Aim of the exercise — Search the entries for the word "Beach" and return every line where it is found.

── Supplied data

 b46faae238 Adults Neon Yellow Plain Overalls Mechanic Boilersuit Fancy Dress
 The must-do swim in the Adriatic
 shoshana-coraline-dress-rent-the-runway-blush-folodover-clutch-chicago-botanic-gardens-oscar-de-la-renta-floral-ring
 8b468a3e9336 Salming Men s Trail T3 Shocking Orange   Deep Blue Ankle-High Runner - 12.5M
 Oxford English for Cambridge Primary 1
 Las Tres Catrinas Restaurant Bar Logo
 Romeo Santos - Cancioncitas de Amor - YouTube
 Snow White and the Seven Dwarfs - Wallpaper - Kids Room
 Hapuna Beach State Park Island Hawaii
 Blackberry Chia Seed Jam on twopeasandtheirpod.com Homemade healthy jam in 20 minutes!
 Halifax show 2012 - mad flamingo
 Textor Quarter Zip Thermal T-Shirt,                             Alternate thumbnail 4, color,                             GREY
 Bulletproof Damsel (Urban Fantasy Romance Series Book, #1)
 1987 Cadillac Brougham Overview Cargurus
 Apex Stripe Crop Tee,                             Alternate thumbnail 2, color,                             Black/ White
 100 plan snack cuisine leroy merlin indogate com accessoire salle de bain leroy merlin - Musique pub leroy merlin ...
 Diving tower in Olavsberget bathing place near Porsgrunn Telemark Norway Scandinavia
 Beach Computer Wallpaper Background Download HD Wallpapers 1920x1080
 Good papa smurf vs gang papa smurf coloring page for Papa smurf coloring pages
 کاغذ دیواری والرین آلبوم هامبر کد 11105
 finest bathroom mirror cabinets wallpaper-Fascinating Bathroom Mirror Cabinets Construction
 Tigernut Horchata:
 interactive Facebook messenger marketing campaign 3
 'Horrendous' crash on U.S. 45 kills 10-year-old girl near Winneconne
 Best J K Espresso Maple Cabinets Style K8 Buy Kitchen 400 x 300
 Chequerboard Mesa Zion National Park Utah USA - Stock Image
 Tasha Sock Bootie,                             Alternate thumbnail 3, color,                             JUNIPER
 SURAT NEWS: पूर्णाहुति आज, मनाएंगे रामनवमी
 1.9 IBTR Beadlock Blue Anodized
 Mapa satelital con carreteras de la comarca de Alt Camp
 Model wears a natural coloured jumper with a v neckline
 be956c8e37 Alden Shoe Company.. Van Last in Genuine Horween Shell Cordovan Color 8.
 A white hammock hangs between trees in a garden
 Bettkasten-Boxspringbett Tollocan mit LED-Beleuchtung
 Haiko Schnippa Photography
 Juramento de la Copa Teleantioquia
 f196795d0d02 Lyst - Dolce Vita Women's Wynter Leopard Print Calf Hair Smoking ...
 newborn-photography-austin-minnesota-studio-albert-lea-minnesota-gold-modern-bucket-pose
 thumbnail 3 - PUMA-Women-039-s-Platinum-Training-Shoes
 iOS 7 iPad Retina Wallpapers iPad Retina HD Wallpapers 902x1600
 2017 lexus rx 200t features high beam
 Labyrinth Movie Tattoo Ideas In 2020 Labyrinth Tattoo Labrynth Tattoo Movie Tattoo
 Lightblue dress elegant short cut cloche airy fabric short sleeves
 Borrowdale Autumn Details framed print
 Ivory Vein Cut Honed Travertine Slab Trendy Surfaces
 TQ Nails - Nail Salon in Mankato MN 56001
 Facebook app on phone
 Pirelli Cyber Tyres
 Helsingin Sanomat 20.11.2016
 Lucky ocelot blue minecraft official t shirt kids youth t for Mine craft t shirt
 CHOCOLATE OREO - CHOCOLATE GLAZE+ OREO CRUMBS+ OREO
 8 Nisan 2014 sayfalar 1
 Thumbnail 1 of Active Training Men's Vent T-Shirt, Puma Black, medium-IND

────

Answer to the exercise —
 Hapuna Beach State Park Island Hawaii
 Beach Computer Wallpaper Background Download HD Wallpapers 1920x1080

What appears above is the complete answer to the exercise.